In rendering the foregoing opinion we have assumed that (i) the terms and issuance of the Common Stock and Debt Securities will not result in a breach or default under any agreement or instrument binding on the Company; (ii) the Company will issue and deliver the Common Stock and Debt Securities in the manner contemplated by the Registration Statement, and the Common Stock will have been authorized and reserved for issuance, in each case within the limits of the then remaining authorized but unissued and unreserved amounts of such capital stock; (iii) the resolutions authorizing the Company to issue, offer and sell the Common Stock and Debt Securities will be in full force and effect at all times at which the Common Stock or the Debt Securities are offered or sold by the Company; (iv) the Company will have received lawful consideration for the Common Stock and Debt Securities, having in the case of the Common Stock, a value not less than its par value; (v) the Common Stock and Debt Securities will be issued in compliance with any requirement or restriction imposed by any court or governmental body having jurisdiction over the Company and applicable federal and state securities laws; and (vi) with respect to the Debt Securities, (A) the Indenture will have been qualified under the Trust Indenture Act of 1939 and (B) the interest rate on any such Debt Securities will not be higher than the maximum lawful rate permitted from time to time under applicable law.
 
We express no opinion herein as to any provision of Debt Securities that (i) relates to the subject matter jurisdiction of any Federal Court of the United States of America to adjudicate any controversy related thereto, (ii) contains a waiver of any inconvenient forum, (iii) relates to the waiver of rights to jury trial or (iv) provides indemnification, contribution or limitations on liability.  We also express no opinion as to the enforceability of the provision of the Debt Securities to the extent that such provisions constitute a waiver of illegality as a defense to performance of contract obligations or any other defense to performance which cannot, as a matter of law, be effectively waived.
 
Our opinions are limited by bankruptcy, insolvency, reorganization, fraudulent transfer and fraudulent conveyance, voidable preference, moratorium or other similar laws and related regulations or judicial doctrines from time to time in effect relating to or affecting creditor’s rights generally, by general equitable principles and public policy considerations, whether such principles and considerations are considered in a proceeding at law or at equity.
 
We are members of the Bar of the State of Ohio and we express no opinion as to the effects of any laws other than the federal laws of the United States of America and the laws of the State of Ohio.  This opinion is given as of the date hereof and we assume no obligation to update or supplement such opinion to reflect any facts or circumstances that may hereafter come to our attention or any changes that may hereafter occur.
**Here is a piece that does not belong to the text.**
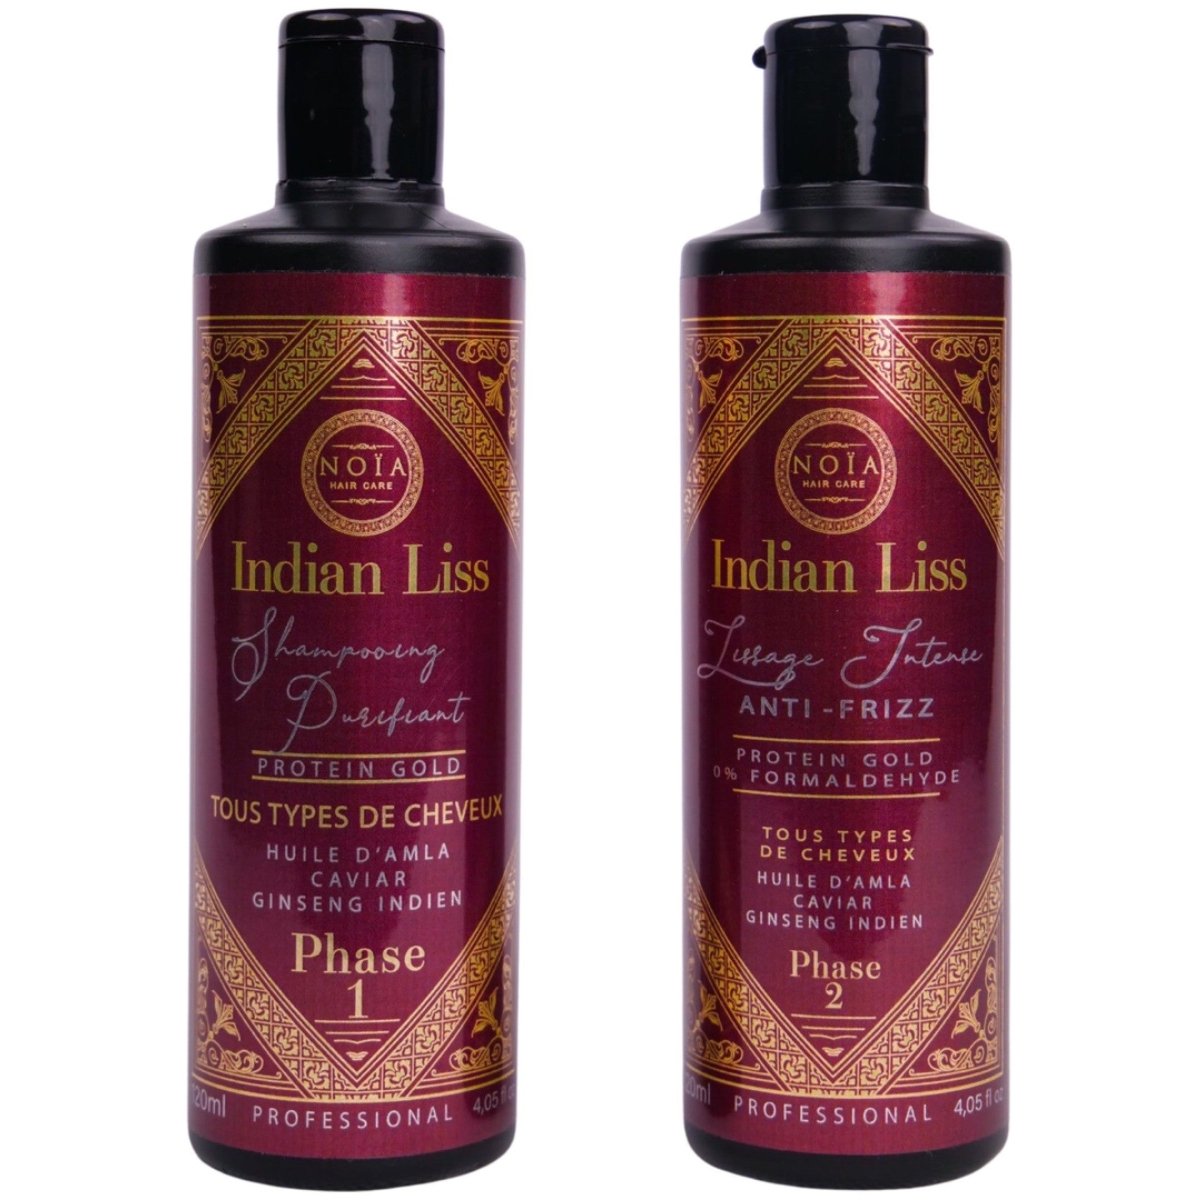 LISSAGE NOIA HAIR - INDIAN LISS -HUILE D'AMLA .CAVIAR & GINSENG INDIEN - PROTEIN GOLD - 2 X200ML - BEAUTEPRICE LISSAGE NOIA HAIR - INDIAN LISS -HUILE D'AMLA .CAVIAR & GINSENG INDIEN - PROTEIN GOLD - 2 X200ML NOÏA HAIR BEAUTEPRICE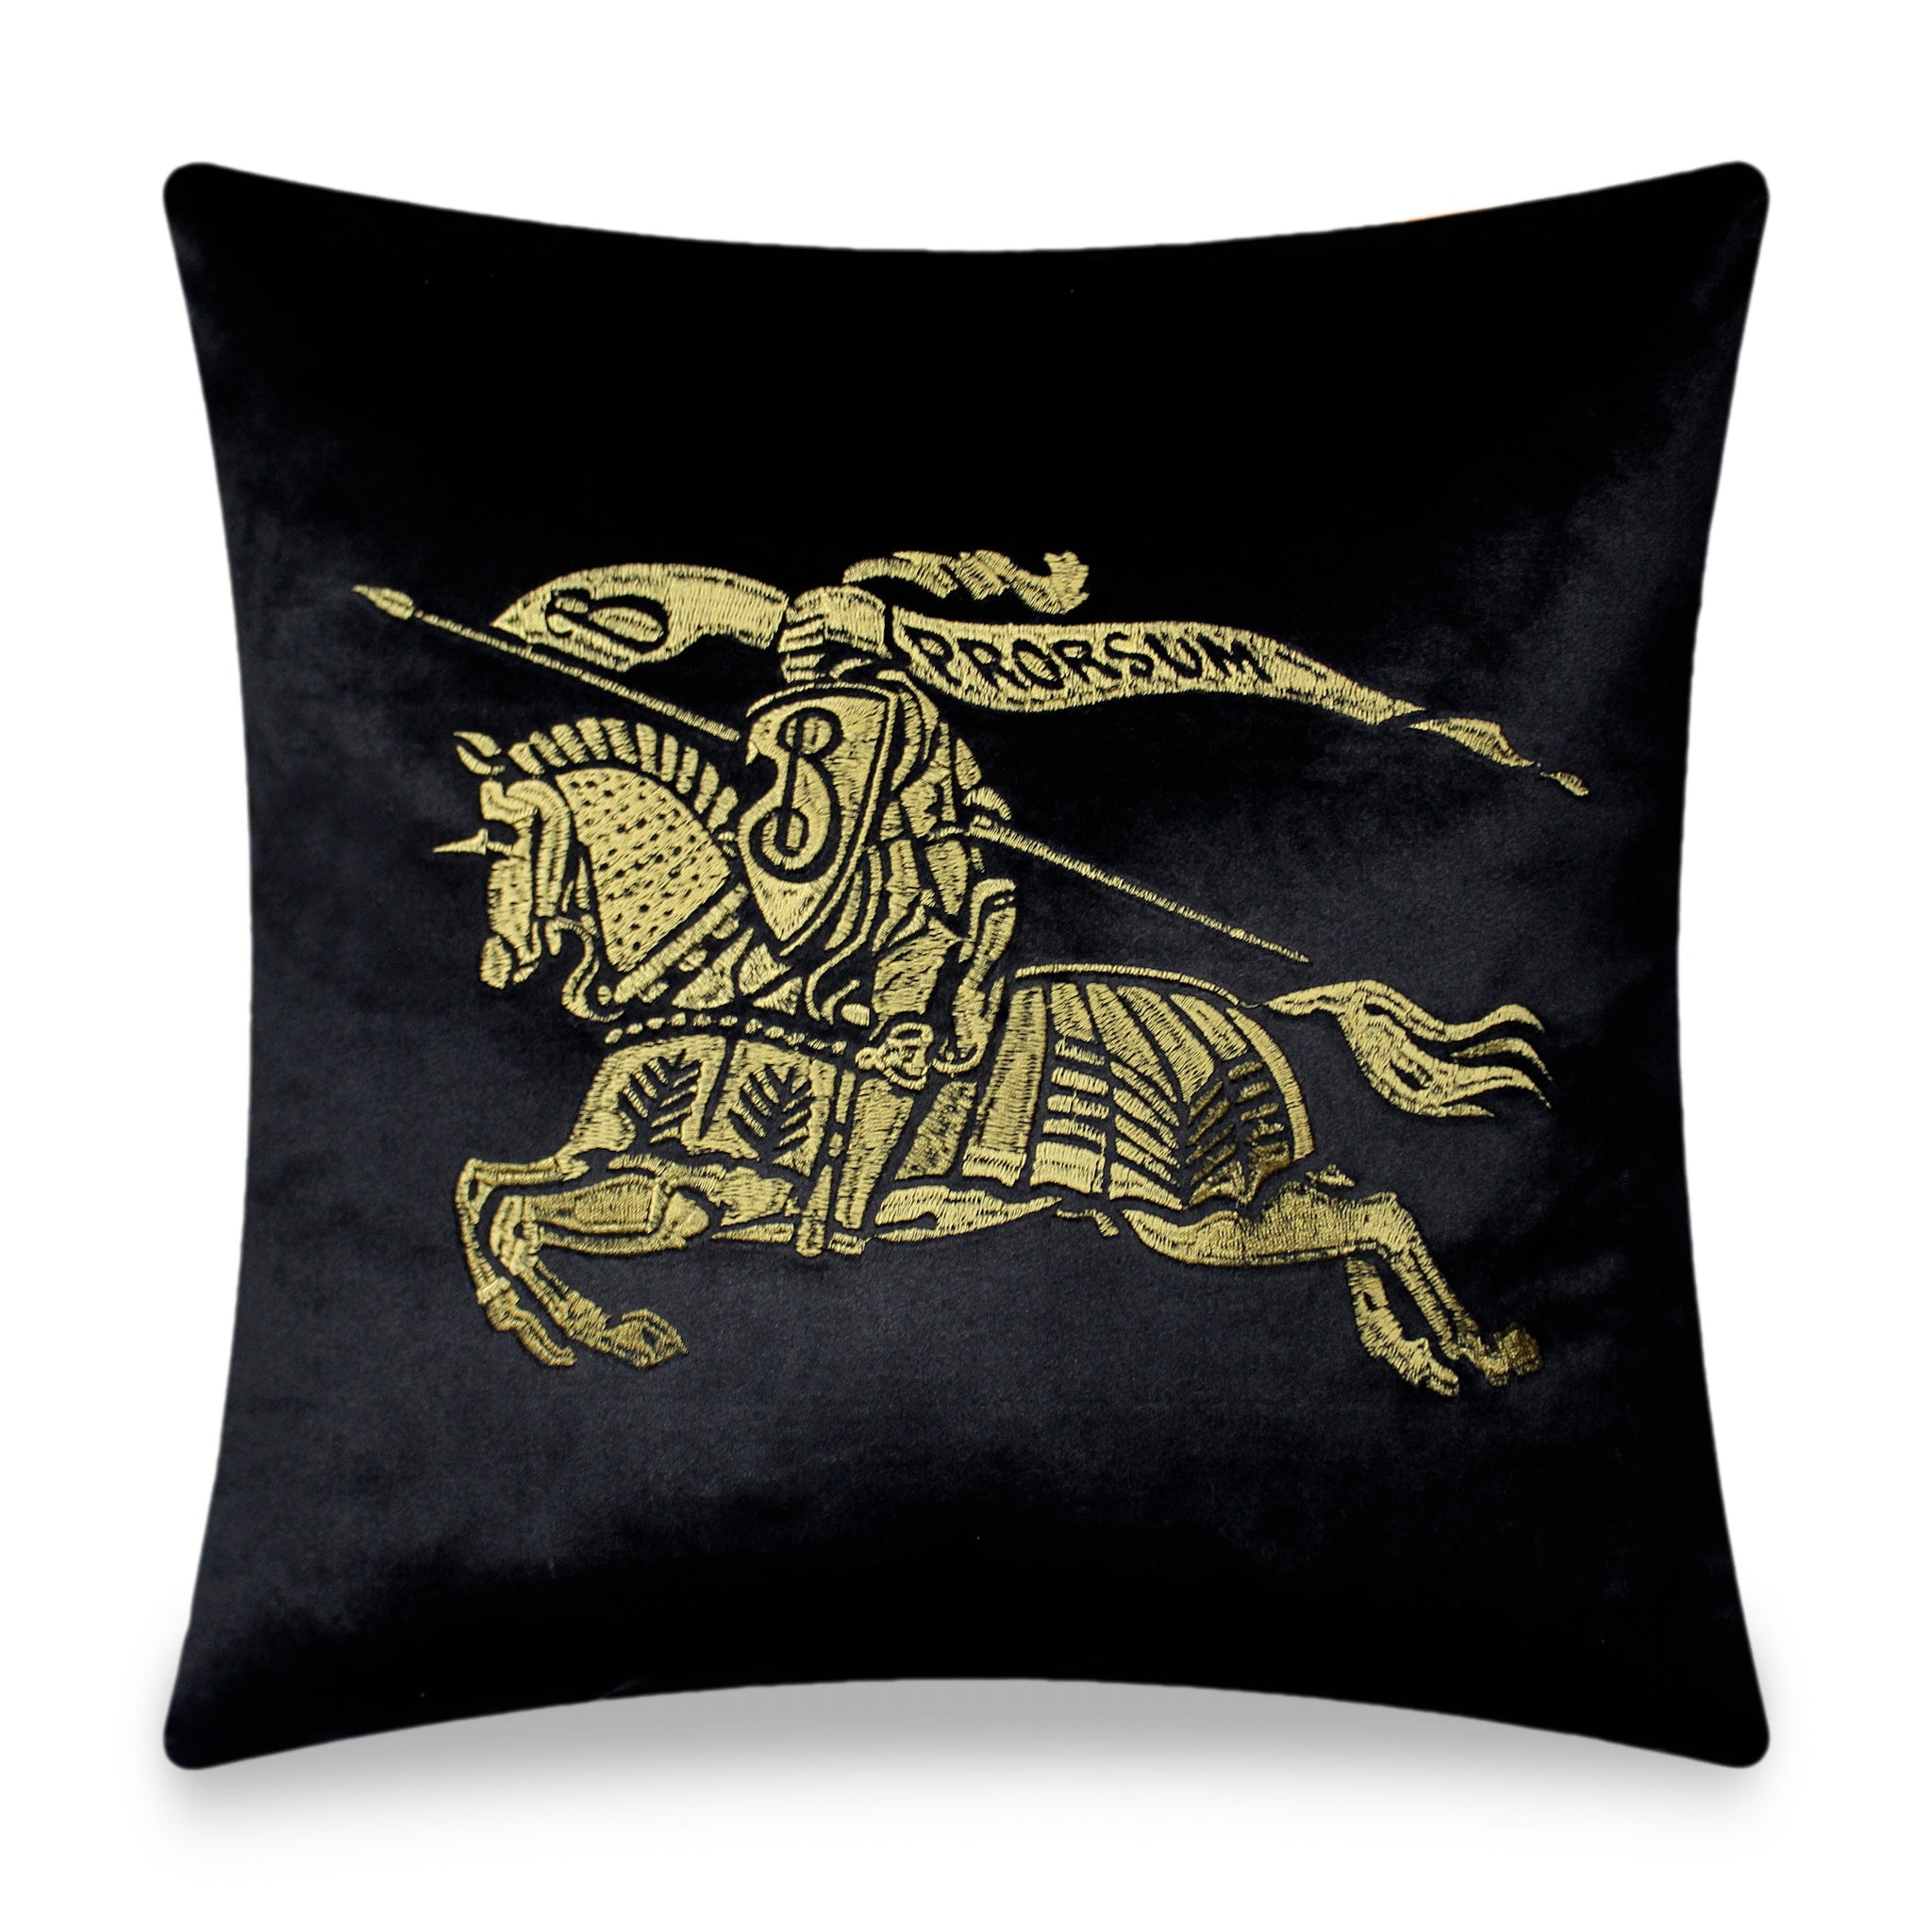 Black Pillow Cover Velvet Decorative Cushion Cover Embroidery  Iconic Horse Throw Pillow Pillow Case for Sofa Chair Bedroom Living Room 45x45 cm 18x18 Inches

This opinion is being furnished in connection with the Registration Statement and is not to be used, quoted or otherwise referred to for any other purpose without our prior written consent.
 


 
GenCorp Inc.
December 2, 2009
Page 4

Please note that we are opining only as the matters expressly set forth herein, and no opinion should be inferred as to any other matters. This opinion is based upon currently existing statutes, rules, regulations and judicial decisions, and we disclaim any obligation to advise the Company of any change in any of these sources of law or subsequent legal developments which might affect any matters or opinions set forth therein.
 
We hereby consent to the filing of this opinion as Exhibit 5.1 to the Registration Statement and to the reference to Ulmer & Berne LLP under the caption “Certain Legal Matters” in the Prospectus.  In giving such consent, we do not thereby concede that our firm is within the category of persons whose consent is required under Section 7 of the Securities Act or the rules and regulations of the Commission promulgated thereunder.